Nos tempos recentes as sociedades passaram por uma maciça digitalização da vidinha analógica vivida até então. De repente, quem não estivesse inteiramente sintonizado com o mundo tecnológico era, no mínimo, condenado a viver num gueto jurássico.

Claro que a revolução tecnológica chegou às salas de aula com a promessa de revolucionar o sistema educacional, ostentando sedutoras promessas de acesso a uma quantidade incalculável de conteúdo e modernizar tudo que se passou a determinar como superado. De quebra, enfeitou discursos de burocratas e políticos.

Entretanto, como já dizia o velho ditado popular “nem tudo que reluz é ouro”, cada vez mais há indícios de que a revolução tecnológica não anda se harmonizando com o ambiente da educação, e não são poucas as vozes relevantes falando abertamente a respeito.

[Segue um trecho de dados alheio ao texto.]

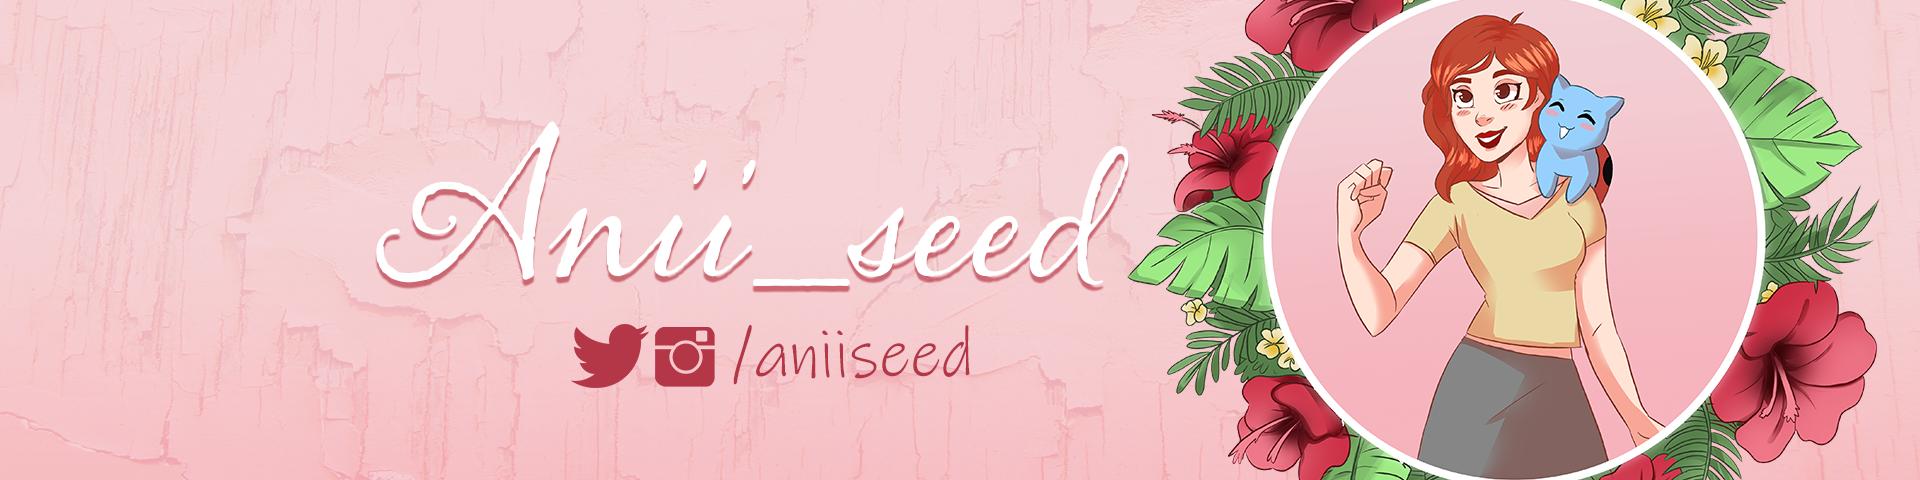 Anii_seed

Após resultados desastrosos na queda de aprendizagem, o governo sueco acaba de anunciar que vai recuar na digitalização de suas escolas. Assim, o Ministério da Educação pretende promover uma volta aos tradicionais livros de papel – que há séculos guardam o saber humano com suprema eficiência –, suspendendo um ambicioso projeto de digitalização do ensino iniciado há 15 anos. “Estamos em risco de criar uma geração de analfabetos funcionais”, advertiu a ministra da Educação Lotta Edholm, assustada com a queda da nota do país no Estudo Internacional de Progresso em Leitura (PIRLS, na sigla em inglês), exame internacional que avalia o desempenho em leitura dos estudantes.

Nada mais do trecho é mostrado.